Solve the following:

1) x^3 <= 16x
2) (5x/x^2+12x-8) >= 3

1.x^3 - 16x

= x(x^2 - 16)
= x(x^2 + 4x - 4x - 16)
= x[(x^2 + 4x) - (4x + 16)]
= x[x(x + 4) - 4(x + 4)]
= x(x + 4)(x - 4)

1. x^3 - 16x ≤ 0

x(x^2 - 16) ≤ 0
x(x-4)(x+4) ≤ 0

critical values are -4, 0, 4

making a quick sketch of y = x^3 - 16x
shows a standard cubic with x-intercepts of 0, ± 4
Where is the curve below the x-axis ?

x ≤ -4 or 0 ≤ x ≤ 4

2.
(5x/x^2+12x-8) >= 3
5x > 3x^2 + 36x - 24
3x^2 + 31x - 24 < 0

consider 3x^2 + 31x - 24
x = (-31 ± √1249)/6
= appr .7235 or -11.057

critical values: x = .7235 , x = -11.057

We also have to consider
x^2 + 12x - 8 , it cannot be zero
let's see for what values it is
solving, I got x = .63325 , x = -12.6332

looking at Wolfram's graph:
http://www.wolframalpha.com/input/?i=5x%2F(x%5E2%2B12x-8)+%3E%3D+3

we have
-12.6332 < x ≤ -11.057
OR
.63325 < x ≤ .7235

To solve the inequalities, we need to isolate the variable x. Here's how to solve each inequality step-by-step:

1) x^3 <= 16x

First, subtract 16x from both sides to bring all terms to one side:

x^3 - 16x <= 0

Now, we factor out x from the equation:

x(x^2 - 16) <= 0

Next, we factor the quadratic expression:

x(x + 4)(x - 4) <= 0

To determine when the expression is less than or equal to zero, we need to consider the sign of each term.

- If x < -4, then all three factors will be negative, which makes the expression positive.
- If -4 < x < 0, then the term (x + 4) becomes positive, while the other two terms remain negative, making the expression negative.
- If x = 0, the expression equals zero.
- If 0 < x < 4, the term (x - 4) becomes negative, while the other two terms remain positive, making the expression positive.
- If x > 4, then all three factors will be positive, which makes the expression positive.

We can summarize this information using a number line:

------------------o-----------------o-------------o----------

-4 0 4

Now, looking at the inequality, we see that it is asking for the values of x for which the expression is less than or equal to zero (x^3 ≤ 16x). Therefore, we are interested in the solution when the expression is negative (≤ 0).

From the number line, we see that the solution for x is:
x ≤ -4 or 0 ≤ x ≤ 4

2) (5x / (x^2 + 12x - 8)) ≥ 3

First, multiply both sides of the inequality by the denominator (x^2 + 12x - 8):

5x ≥ 3(x^2 + 12x - 8)

Expand the right side:

5x ≥ 3x^2 + 36x - 24

To solve this inequality, we need to bring all terms to one side and set it equal to zero:

3x^2 + 36x - 5x - 24 ≥ 0

3x^2 + 31x - 24 ≥ 0

Next, we can either factor the quadratic expression or use the quadratic formula to find the critical points. In this case, let's use the quadratic formula:

x = (-b ± √(b^2 - 4ac)) / (2a)

For the quadratic equation 3x^2 + 31x - 24 = 0, a = 3, b = 31, and c = -24.

Using the quadratic formula, we find two critical points:

x = (-31 ± √(31^2 - 4 * 3 * -24)) / (2 * 3)

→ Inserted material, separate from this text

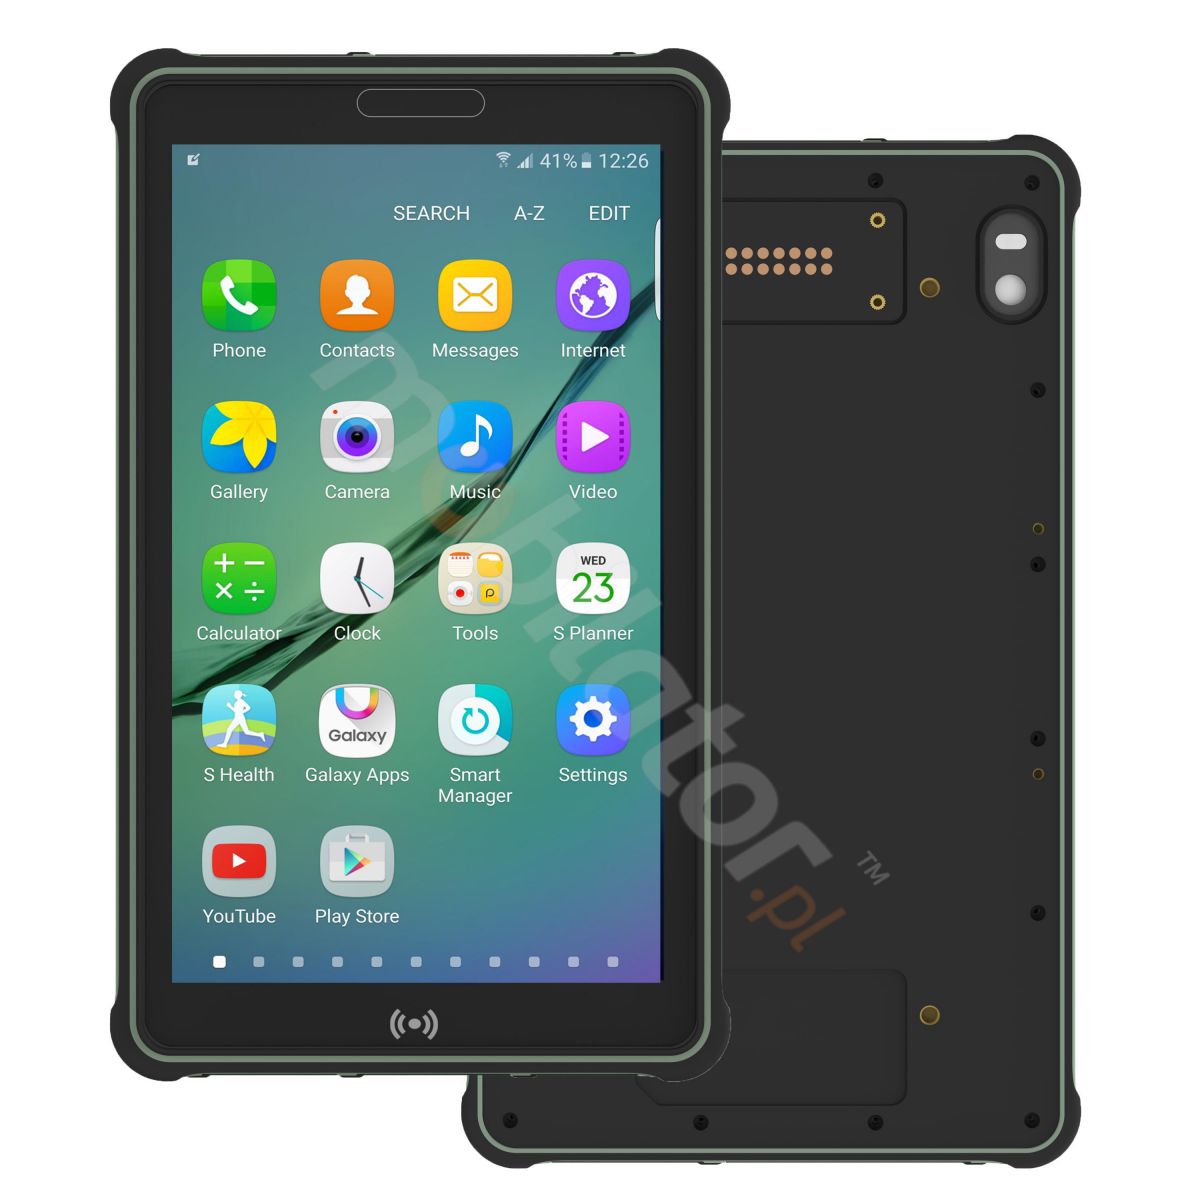 Przemysowy 8-calowy, wzmocniony tablet z dyskiem 128GB ROM oraz 6GB RAM pamici, systemem operacyjnym Android 7.0, 4G, norm IP65 i NFC - Mobipad 800ATS3 v.1

Simplifying this expression gives us:

x = (-31 ± √(961 + 288)) / 6

x = (-31 ± √1249) / 6

Now, let's determine the sign of the equation for different ranges of x. We can make use of a number line to analyze this:

-------------------------------------------------------o---------o---------------

-10 -6 -1

To find the solution, we are interested in the solution when the expression is greater than or equal to zero (≥ 0).

From the number line, we see that the solution for x is:
x ≤ -10 or -1 ≤ x

Therefore, the solution to the inequality is x ≤ -10 or -1 ≤ x.